特别是知青点,大部分知青都是初中,高中毕业的人,他们自觉比村里那些不识字的文盲,或者只认识几个字的人厉害,有优越感。
他们觉得自己肯定能考上,也一定要考上,小诊所虽然简陋,但是在小诊所干活,总比在地里面朝黄土背朝天强。
再说在小诊所给人看病,每天也是有工分,公社还时不时发点票,过年杀猪也能选点好肉。
光是这几点就能让他们抢破头了,整个大队都在议论这件事,就连陆燕都兴奋地嚷嚷着不读书了,要去参加队里的考试。

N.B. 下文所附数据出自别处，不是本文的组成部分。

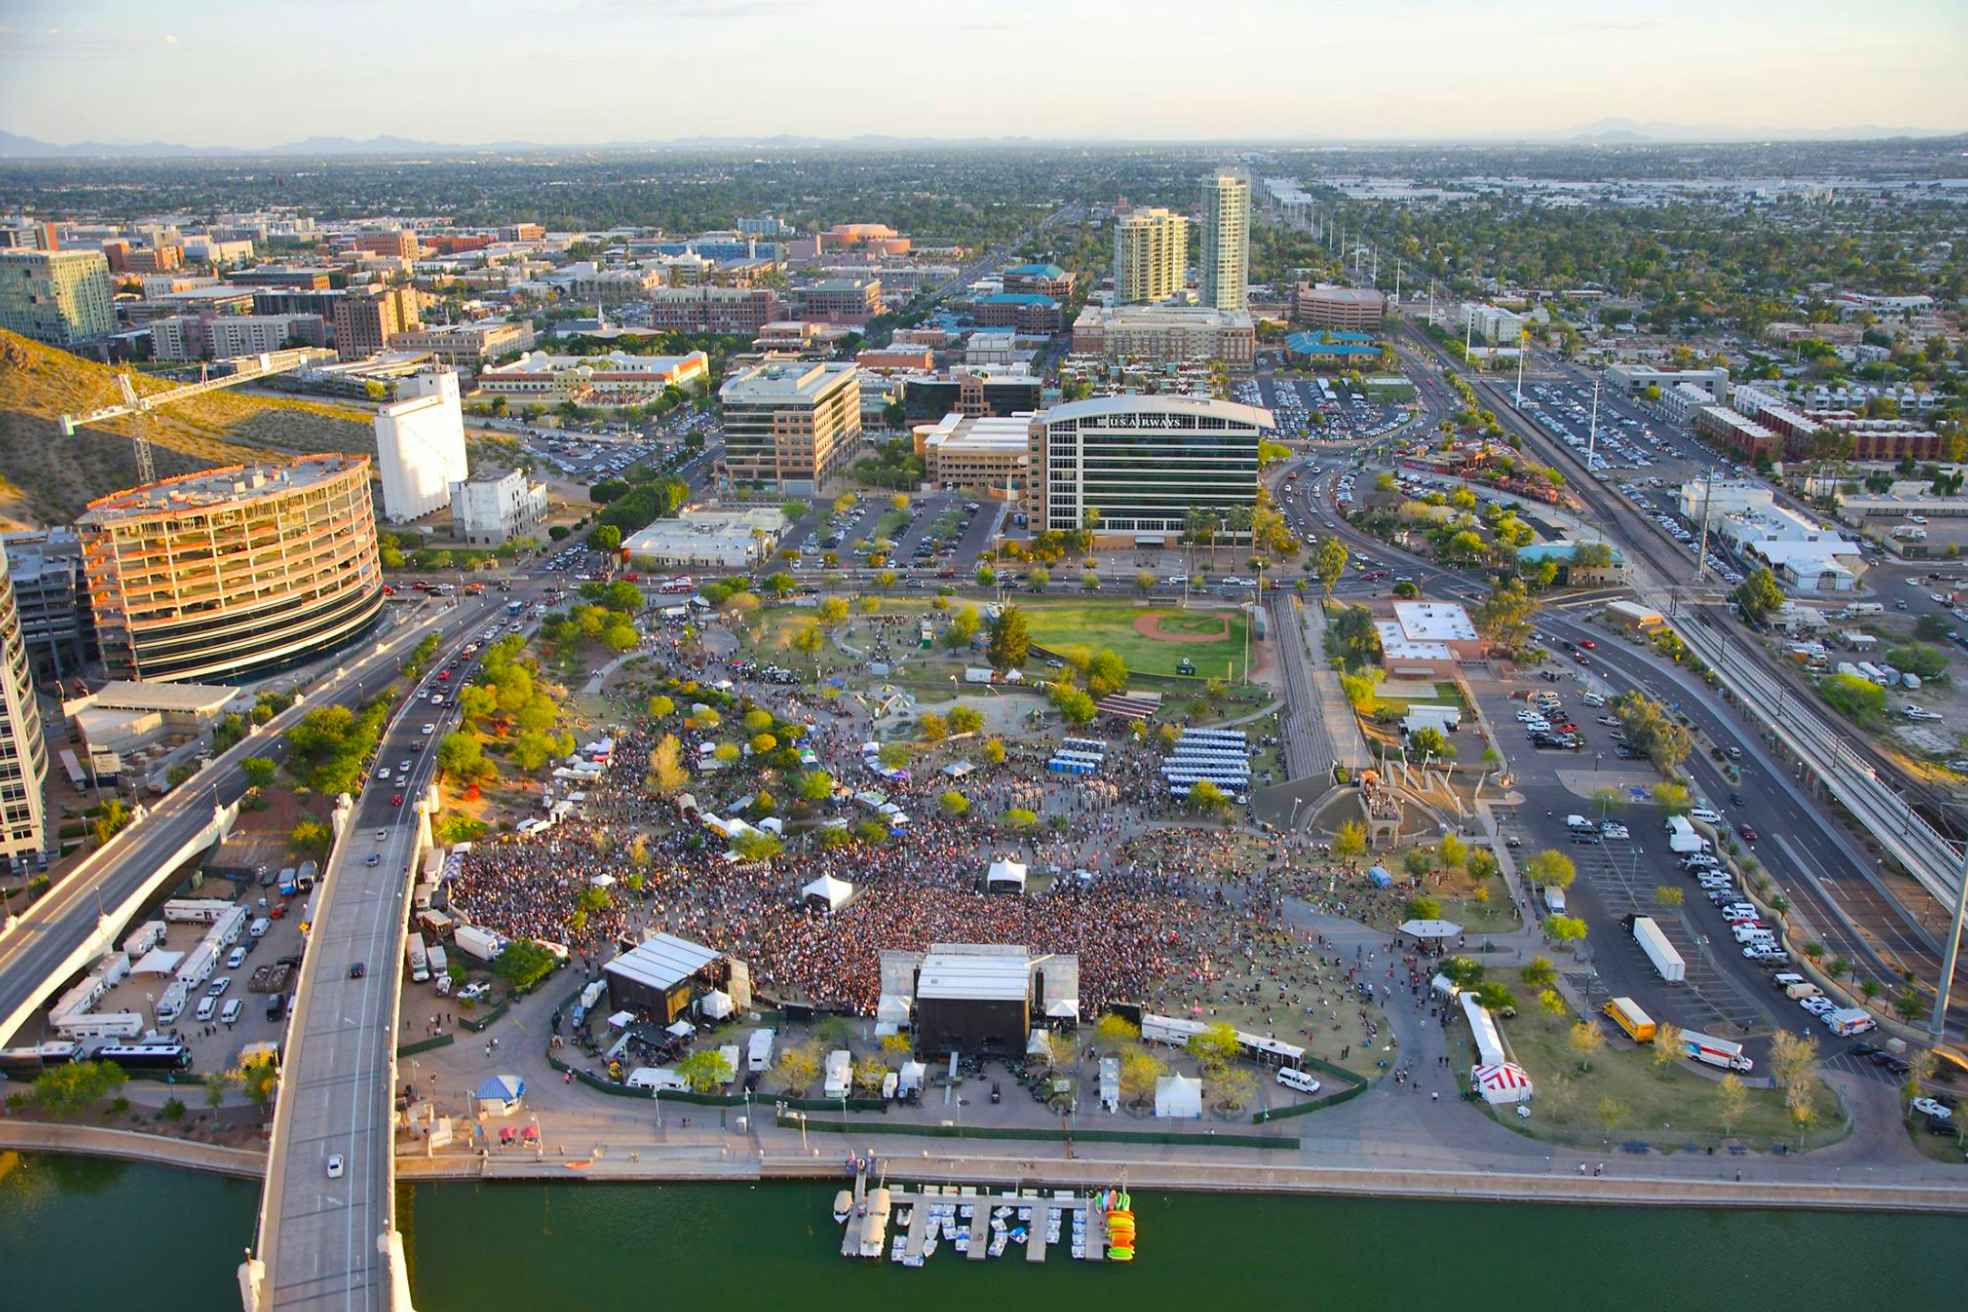 First Timer's Guide To Chandler's Pot Of Gold Music Festival

结果被陆婶拿扫把追着打,陆燕一边熟练地跑,一边吐槽:“那破学校有什么好,天天乱的要死,老师也不好好教,被学生追着打……”
“嘶!不好好读书的孩子都不是好孩子,该打!婶,用点力!”
林绵绵懒洋洋坐在躺椅上,吹着小风,幸灾乐祸地看着陆燕挨打,时不时添油加醋拱把火,看舒坦了就拿起旁边的茶缸子,吸溜一口红枣玫瑰茶,美极了。
“林绵绵!”
陆燕张牙舞爪地扑过来,想和她拼命。
“今天我做饭。”
林绵绵屁股都没有动一下,吸溜一口茶,懒洋洋地扔下这么一句话,就把陆燕这泼猴给定在原地。
陆婶趁机扬起扫把,一下狠狠抽在陆燕圆嘟嘟的屁股上,啪的一声巨响。
“啊!!”
尖锐的痛喊声差点把房顶掀翻。
陆燕捂着火辣辣的屁股,一脸痛苦地看着林绵绵,面目狰狞,“你这个狠心的女人,我的屁股要烂了!”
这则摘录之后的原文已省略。